What is the outlook on margins for your company?  

At Galaxy, we look at the EBITDA/MT as a margin parameter as against the operating margins, given that our revenues are a derivative of the fatty alcohol prices; the main raw material for our performance surfactants make up for 65 per cent of our overall revenues. 

Initially, we had spelled out an EBITDA/MT guidance of Rs 15,000-Rs 17,000/MT, which we revised in Q3FY21 to Rs 16,000-Rs 18,000/MT after the EBITDA/MT came in, more than Rs 18,000/MT for four continuous quarters. EBITDA/MT is a derivative of our overall mix and operating leverage. While we do see a pickup in speciality demand going ahead, which should aid margins, supply chain disruptions, rising commodity prices along with the inherent risk of COVID, makes us a bit cautious on the operational front and this could adversely impact margins. 

How many new clients you are able to add every quarter on average? Who are your big clients?  

As you know, we supply to over 1,400+ customers and are present with all major players in the home & personal care space, new clients therefore for us is either an altogether new business in the form of a new product or extension of an existing product to a new location for a given customer. We cater to all types of customers, be it the major MNCs or the local players or start-up e-commerce players operating in the home & personal care space. MNCs that we have partnered with include Unilever, Procter & Gamble, Henkel, Colgate, L’Oreal, BDF, J&J, Reckitt, and many more. 

What are some of the biggest challenges faced by your company to achieve the growth targets? 

The challenge that we have on hand is a once in a century challenge and while it continues to cause unprecedented damage to our nation, people, businesses as well as the way we operate; it has further enhanced the value of collaboration, integration, and adaptation – attributes that can only be demonstrated by people. This year for us has been the year of our people – people who held their ground amidst the surrounding catastrophe. 

Challenges were multi-fold, varying from quarter to quarter. Q-1of FY21 was the first quarter, which saw a complete shutdown for 1.5 months. As restrictions started easing, quickly getting back to the momentum and comply all the safety protocols was the immediate need. Managing the incremental demand on a real-time basis that emerged due to the growing need for handwashes, home & hygiene products, given the operational constraints was the next challenge. The subsequent quarters saw significant disruption in the logistics space due to a continuous rise in the freight rates. Unavailability of containers and other supply-side disruptions required our front-end teams to engage 24x7 with customers, vendors, and officials to ensure minimisation of the said impact. 

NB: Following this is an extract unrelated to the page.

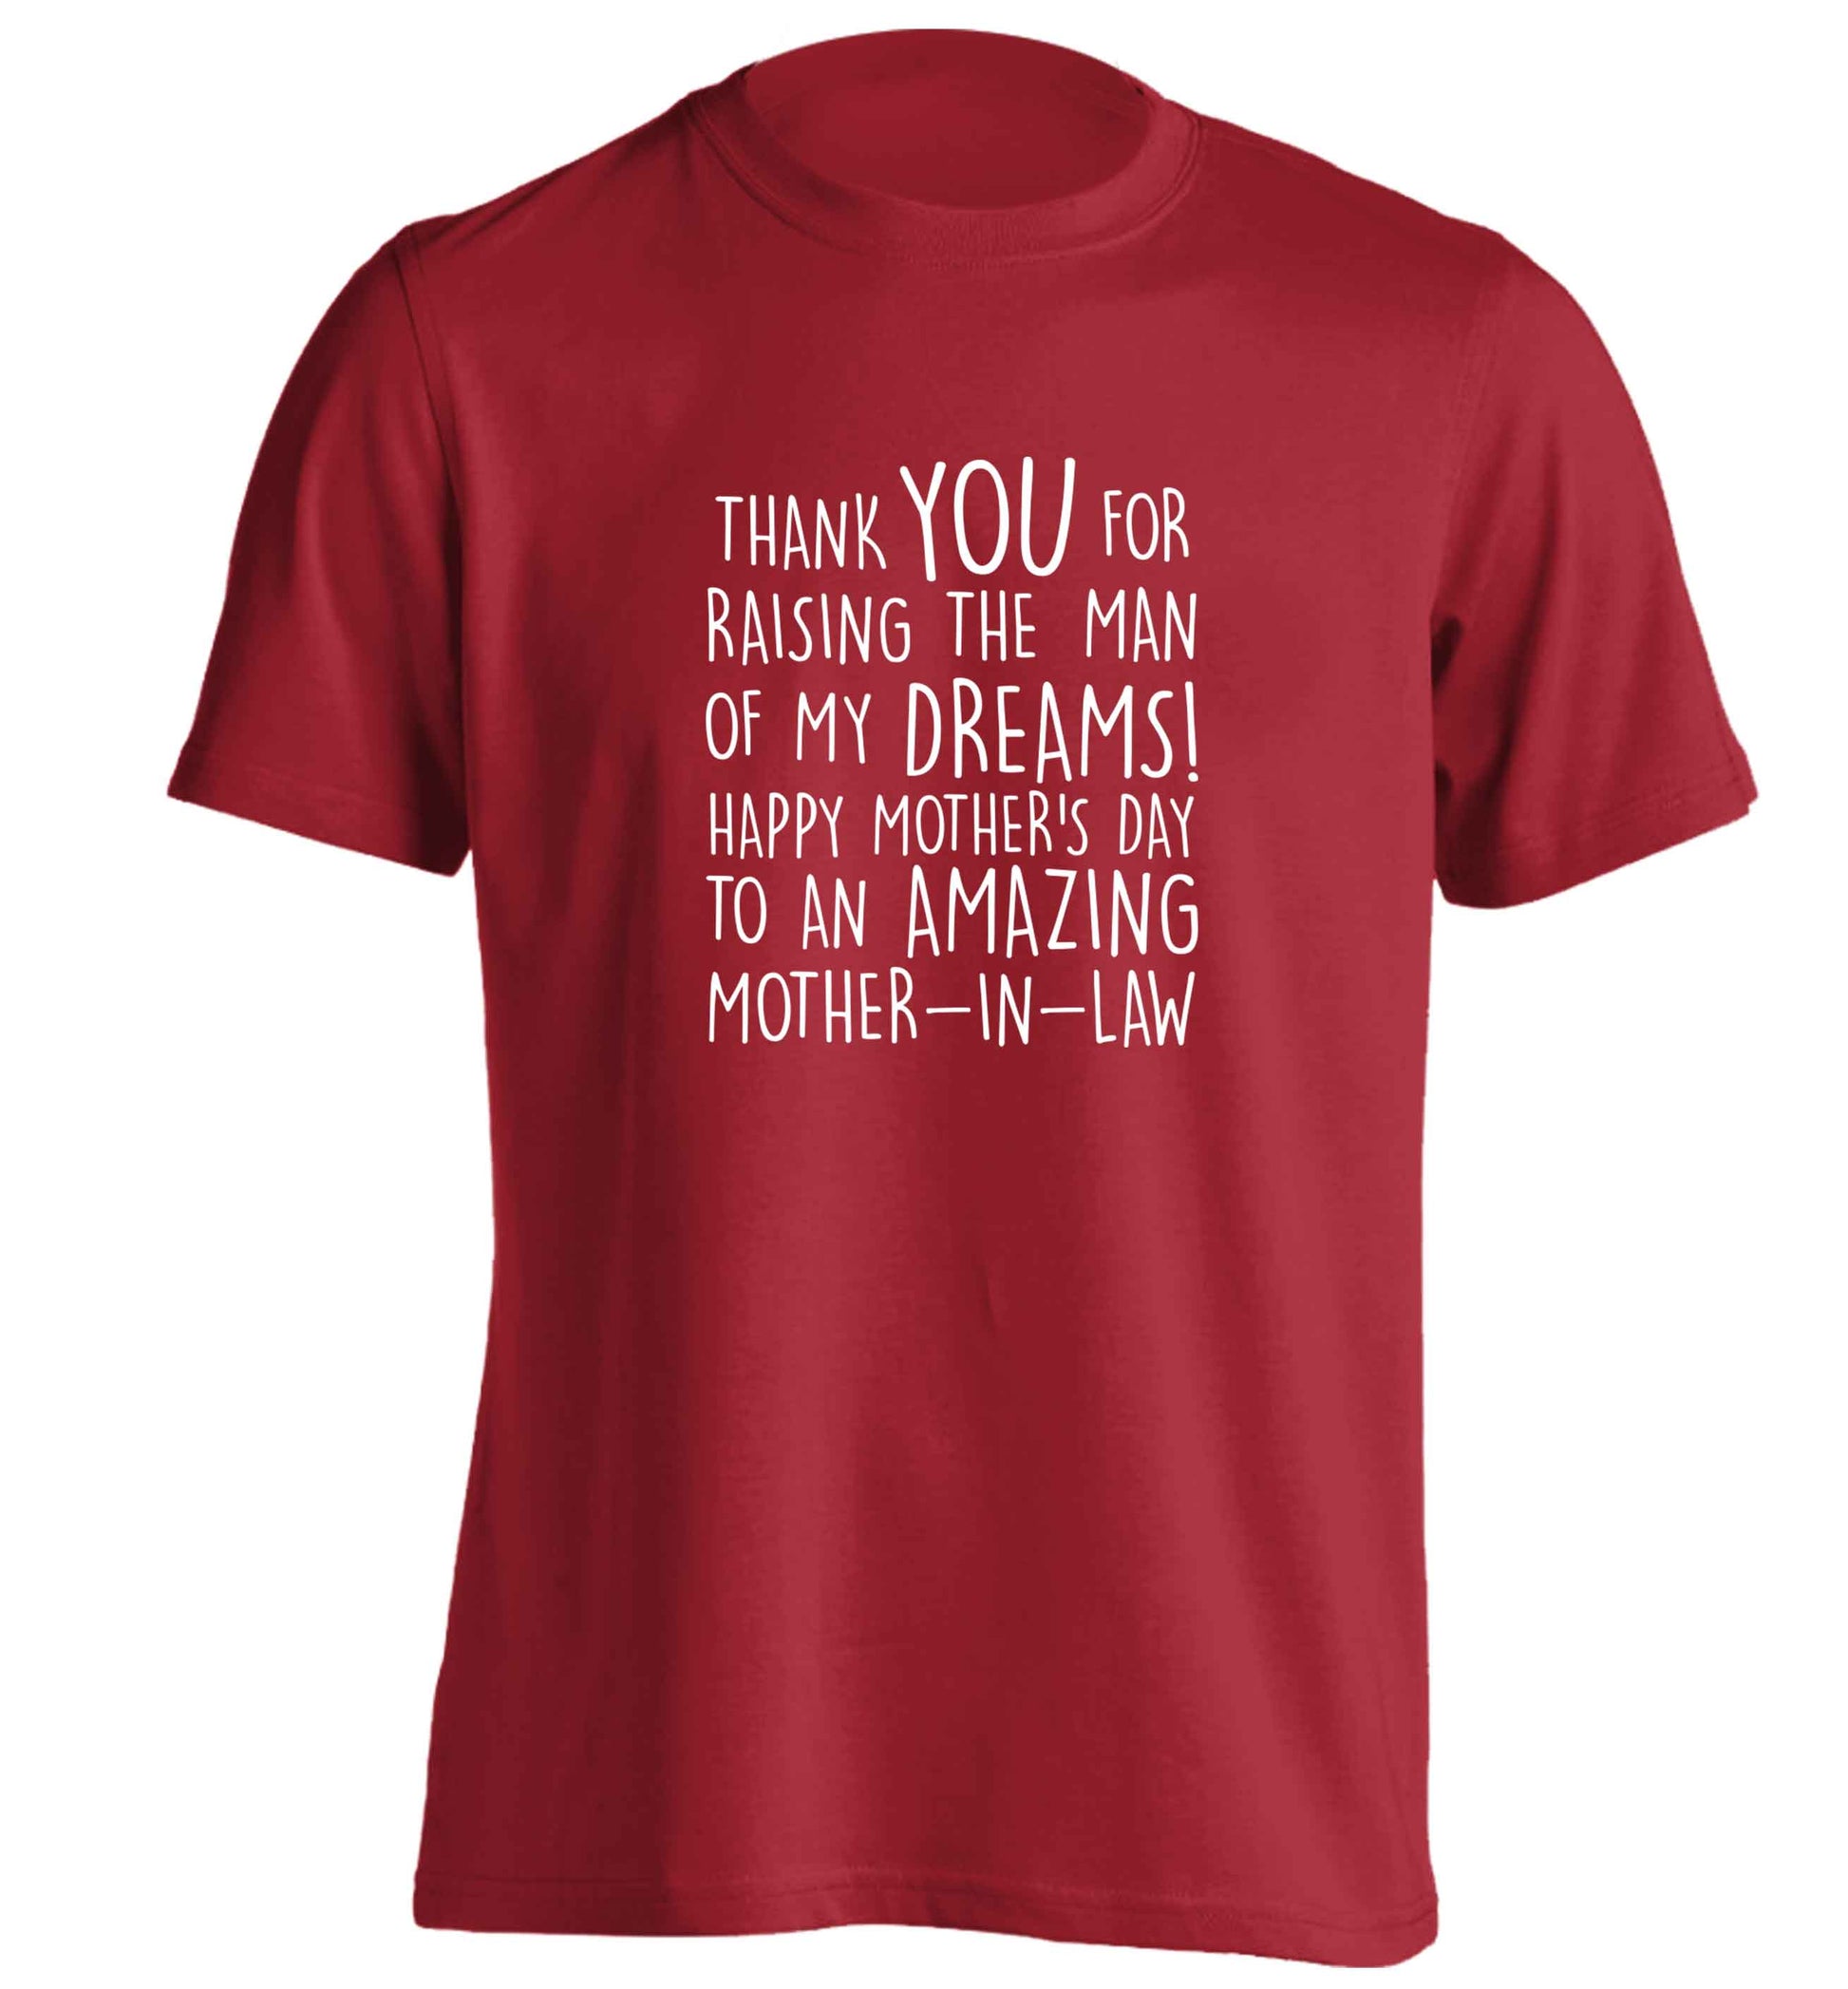 Raising the man of my dreams mother's day mother-in-law adults unisex red Tshirt 2XL

The start of FY22 saw the re-emergence of COVID, which this time around impacted our main pillar - our people. This not only disrupted our operations but also, delayed the scheduled Capex.  

Rising commodity prices, postponement of new launches and unavailability of 100 per cent of the work force at any given point of time were some of the other challenges that we faced in FY21. This situation continued at the start of FY22 as well. Despite the significant challenges, we emerged stronger and continued to march ahead, demonstrating the attributes of a resilient organisation.